How to complete this task:
Find the line below with "quemado Arcaico Desilusión". Print it and every line after it exactly, through the last line, leaving out the pictures.

The data:
>>>

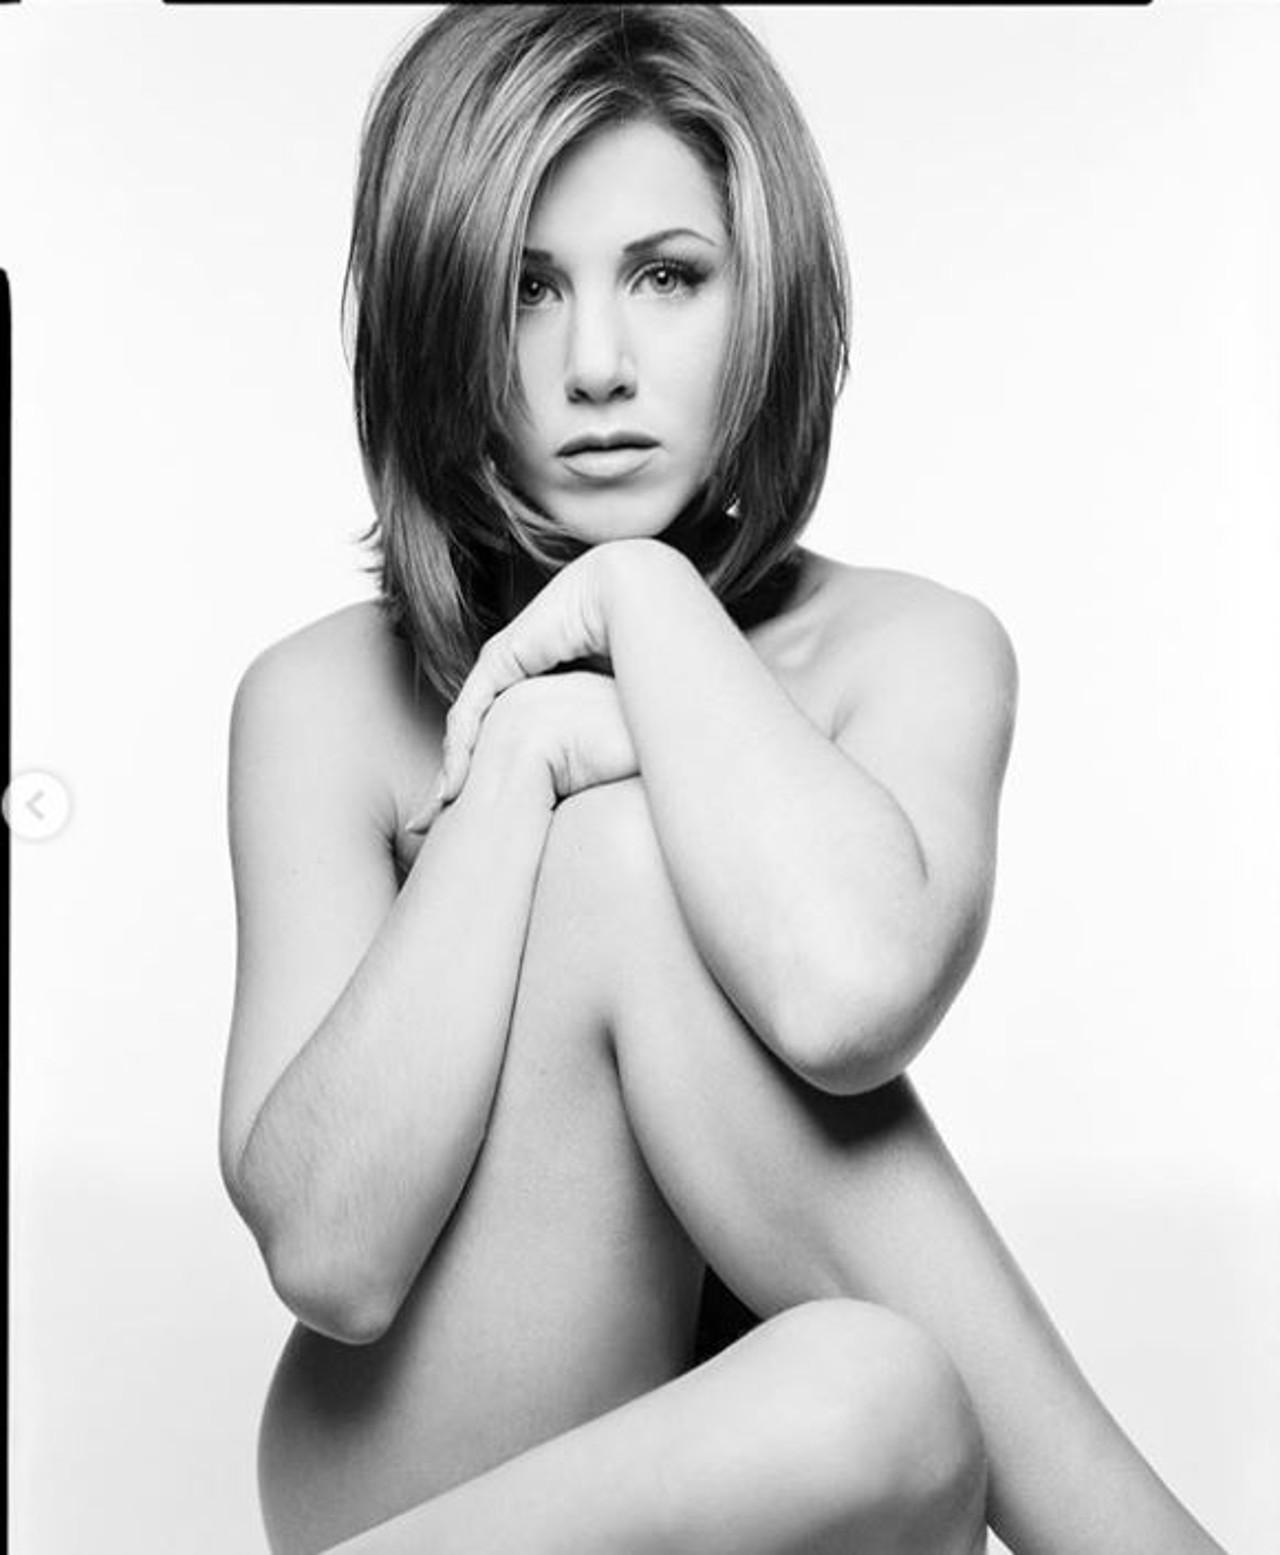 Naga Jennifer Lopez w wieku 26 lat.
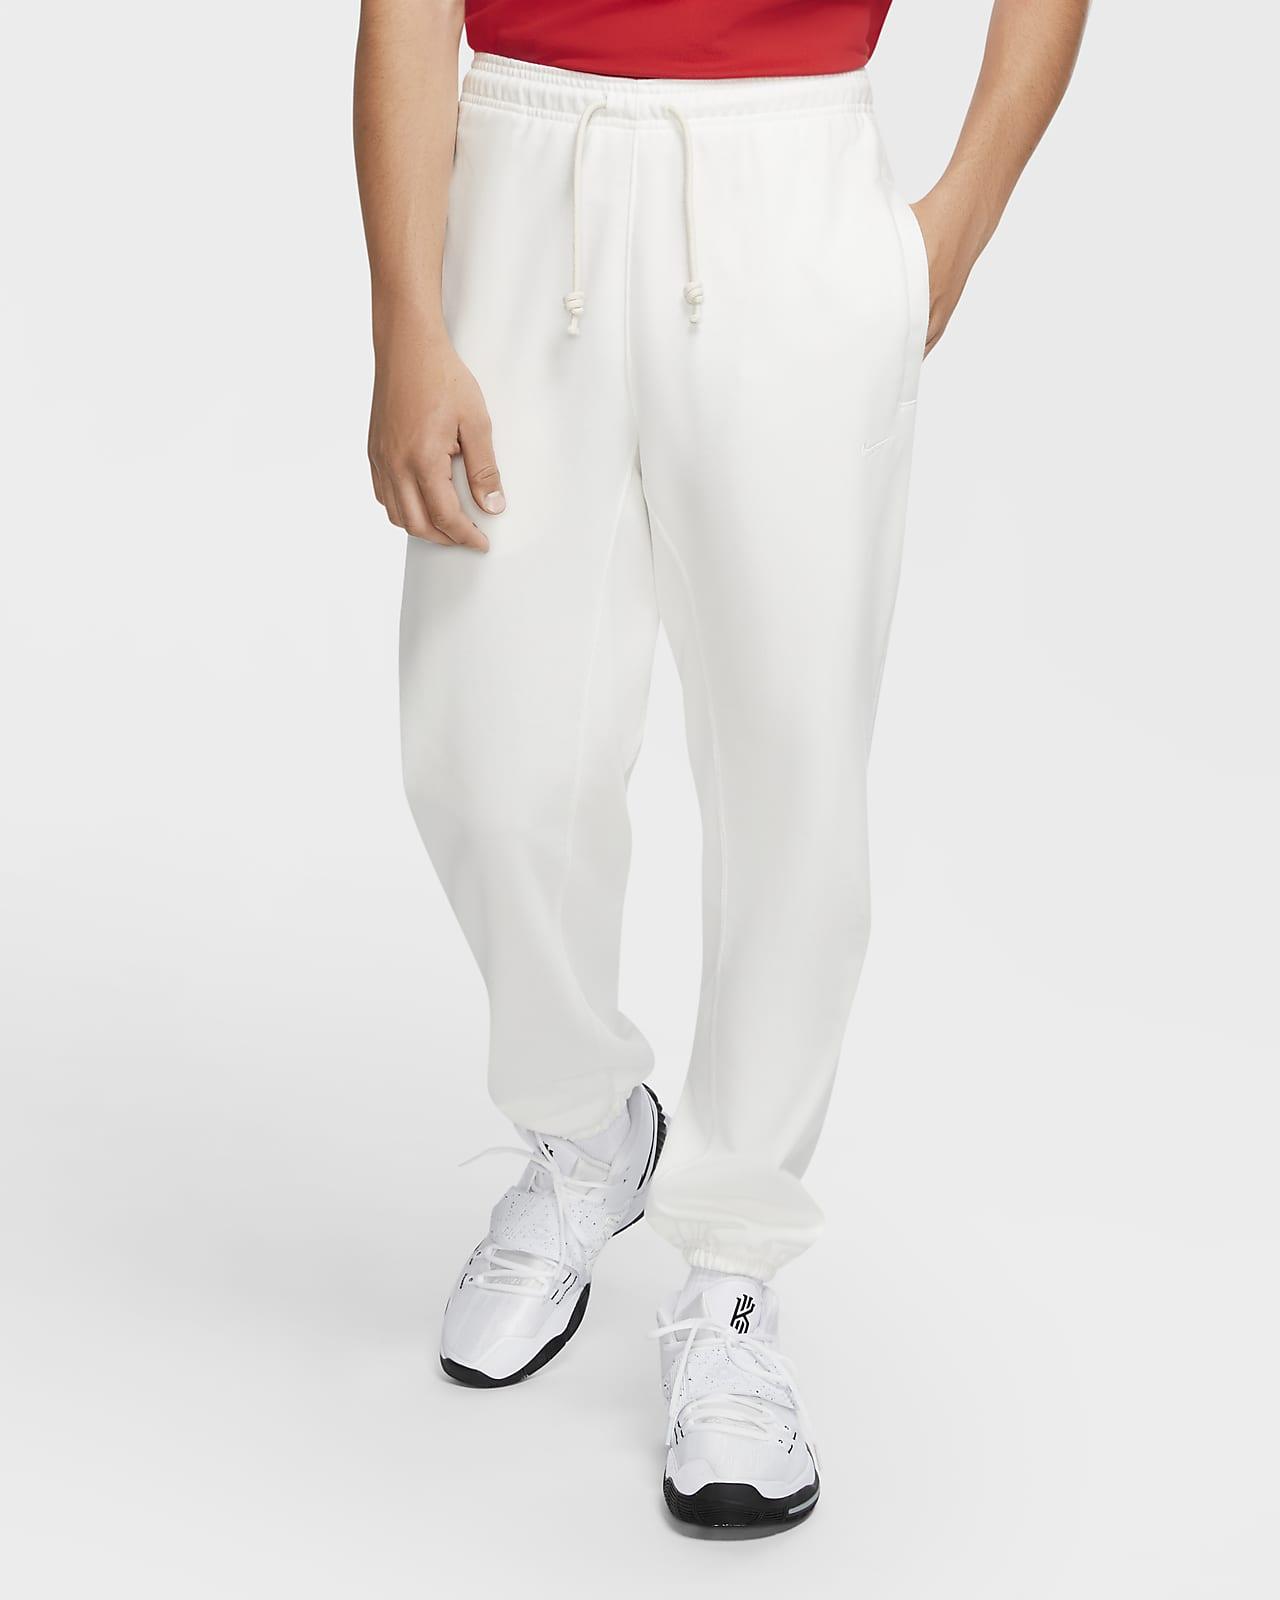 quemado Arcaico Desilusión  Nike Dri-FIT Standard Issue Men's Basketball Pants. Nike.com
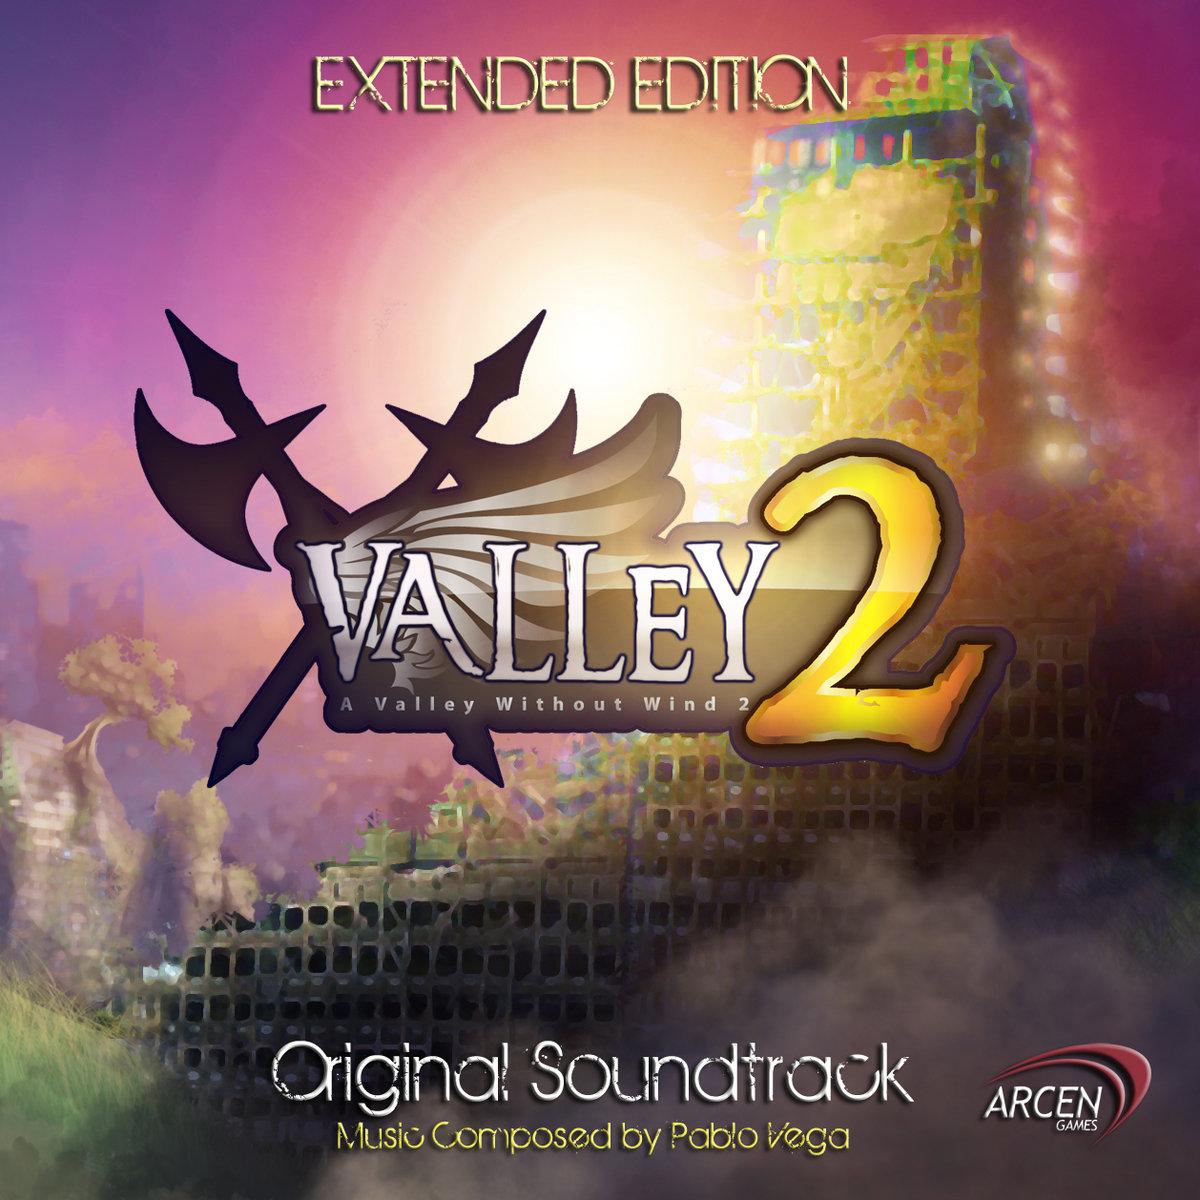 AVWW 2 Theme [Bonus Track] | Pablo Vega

<<<

Output for this exercise:
 quemado Arcaico Desilusión  Nike Dri-FIT Standard Issue Men's Basketball Pants. Nike.com
 AVWW 2 Theme [Bonus Track] | Pablo Vega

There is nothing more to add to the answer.